Auch bei den Männern gab es durch Sascha Stendebach vom KSV Mainz 08 in der Klasse bis 93 kg einen überragenden Athleten. Nach 320 kg und 337,5 kg in den ersten beiden Durchgängen versuchte er sich abschließend an dem neuen deutschen Rekord von 348 kg. Die Last war eigentlich schon gehoben, jedoch gingen ihm bei den letzten Zentimetern die Hände auf, so dass er das Gewicht fallen lassen musste. Auch hier sind 213,63 Punkte ein absolutes Weltklasseergebnis. Um die nächsten beiden Plätze gab es dann einen erbitterten Kampf mit äußerst knappem Ausgang. Malte Fleissner vom AC Siegen konnte sich mit 340 kg und 197,54 Punkten in der Klasse bis 120 kg Rang zwei vor Mykola Grapp vom SV Quitt Ankum sichern, der auf 320 kg und 197,15 Relativpunkte kam.

Männer – AK I

In bewährter Manier sicherte sich hier Mario Schnurr vom KSV Renchtal mit 292,5kg und 184,36 Punkten in der Klasse bis 93 kg den Einzel- und Klassensieg.

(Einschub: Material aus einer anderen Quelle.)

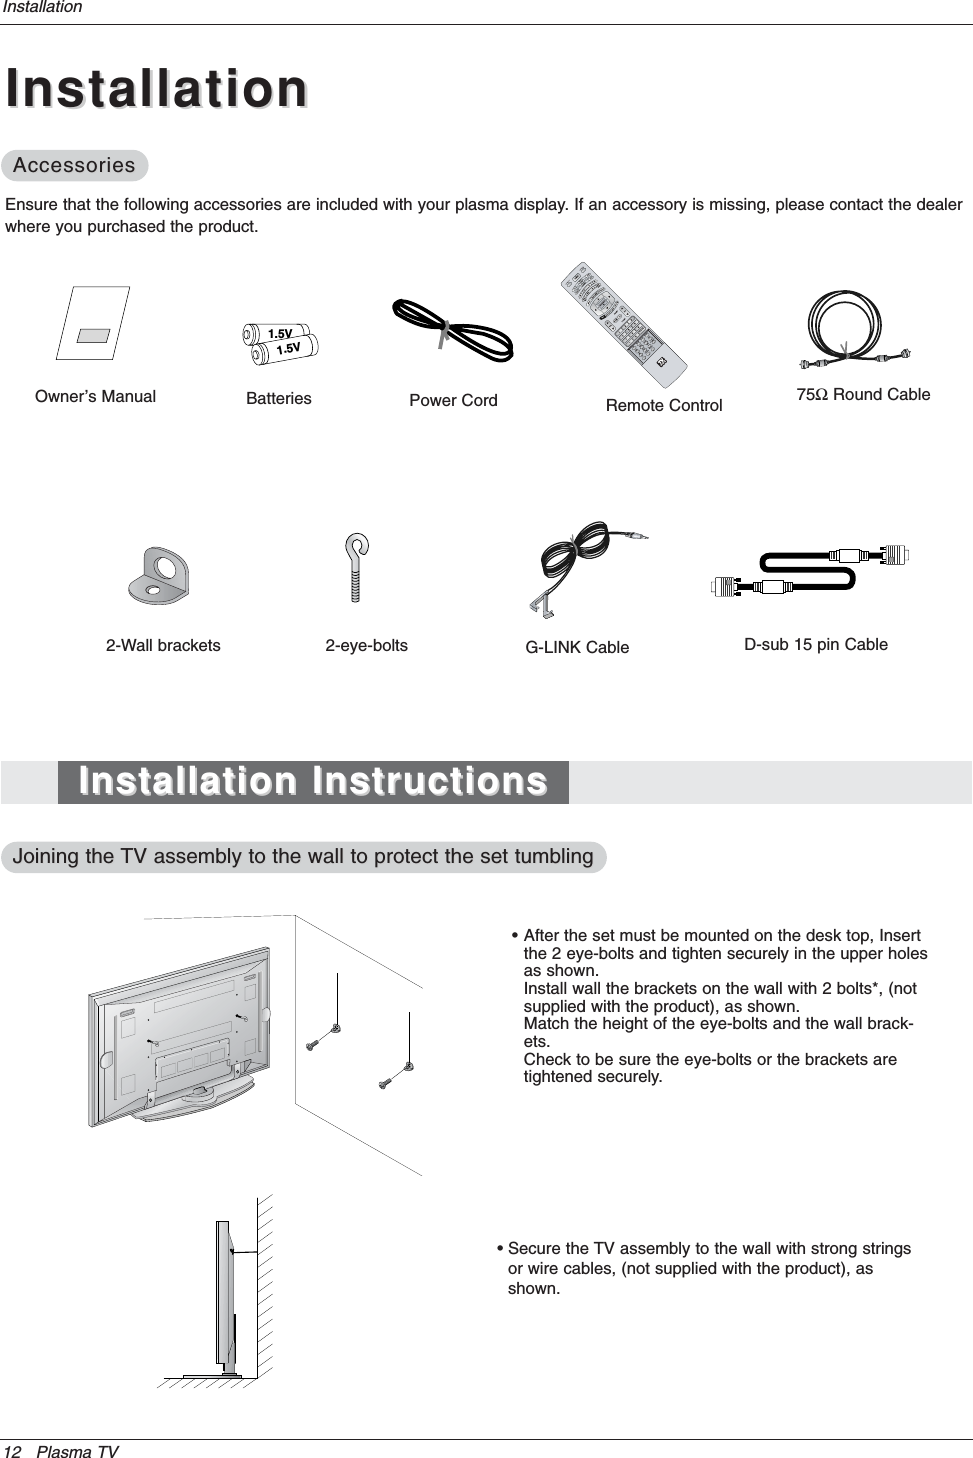 12 Plasma TVInstallationOwner’s Manual1.5V1.5VBatteries Power CordMODEDAY-DAY+FLASHBKAPMCCAUTO DEMOM/C EJECTTV INPUT TV/VIDEO75ΩRound CableEnsure that the following accessories are included with your plasma display. If an accessory is missing, please contact the dealerwhere you purchased the product.• After the set must be mounted on the desk top, Insert the 2 eye-bolts and tighten securely in the upper holesas shown.Install wall the brackets on the wall with 2 bolts*, (not supplied with the product), as shown.Match the height of the eye-bolts and the wall brack-ets.Check to be sure the eye-bolts or the brackets are tightened securely.• Secure the TV assembly to the wall with strong stringsor wire cables, (not supplied with the product), asshown.2-Wall brackets 2-eye-bolts G-LINK CableRemote ControlInstallationInstallationAccessoriesAccessoriesInstallation InstructionsInstallation InstructionsJoining the Joining the TV assembly to the wall to protect the set tumblingTV assembly to the wall to protect the set tumblingD-sub 15 pin Cable

Erwähnenswert auch die 302,5 kg und 175,90 Punkte von Dr. Marcus Heinzen vom KSV Bochum im zweiten Schwergewicht bis 120 kg.

Männer – AK II

Dominator in der Altersklasse II der Männer war Sunday Ehoghrukomwen vom KSC Attila Dachau, der im Leichtschwergewicht bis 83 kg auf 272,5kg und 188,21 Punkte kam.

Männer – AK III

Der Würzburger Siegmund Schiebe zeigte wieder einmal in der Klasse bis 105 kg mit zwei deutschen Rekorden von 240 kg und 250 kg sein Können. Erst an der weiteren Rekordlast von 263 kg scheiterte er knapp. 149,92 Punkten bedeuteten für ihn den Sieg in der Altersklasse III vor Hans-Joachim Hook vom AC Marburg, der in der Kategorie bis 83 kg auf 215 kg und 146,43 Punkte kam und dem unverwüstlichen Mann aus dem sächsischen Vogtland, Horst Echtner vom SSV Bad Brambach, der im Mittelgewicht mit 200 kg und 145,92 Punkten in die Wertung kam.

Männer – AK IV

In seiner Spezialdisziplin bot Michael Kazimierz Forys vom KSV Langen im Mittelschwergewicht bis 93 kg mit 210 kg und 132,78 Punkten eine sehr gute Leistung.

Schlussbemerkung

Der SC Oberölsbach ist neben der SG Randersacker der einzige bayerische Verein, der seit Jahren in gewisser Regelmäßigkeit mustergültig deutsche Meisterschaften ausrichtet. Auch in 2016 werden sich beide Vereine mit den deutschen Meisterschaften im Kraftdreikampf der Aktiven und Senioren (SG Randersacker) und den deutschen Meisterschaften im Bankdrücken – Equipped – aller Altersklassen (SC Oberölsbach) wieder aktiv am Wettkampfgeschehen des BVDK beteiligen. Für dieses außerordentliche Engagement möchte ich mich im Namen des Präsidiums des BVDK bei beiden Vereinen ganz herzlich bedanken.

 

Anton Speth
Vizepräsident Sport im BVDK e. V.

 

Bundesverband Deutscher Kraftdreikämpfer e.V.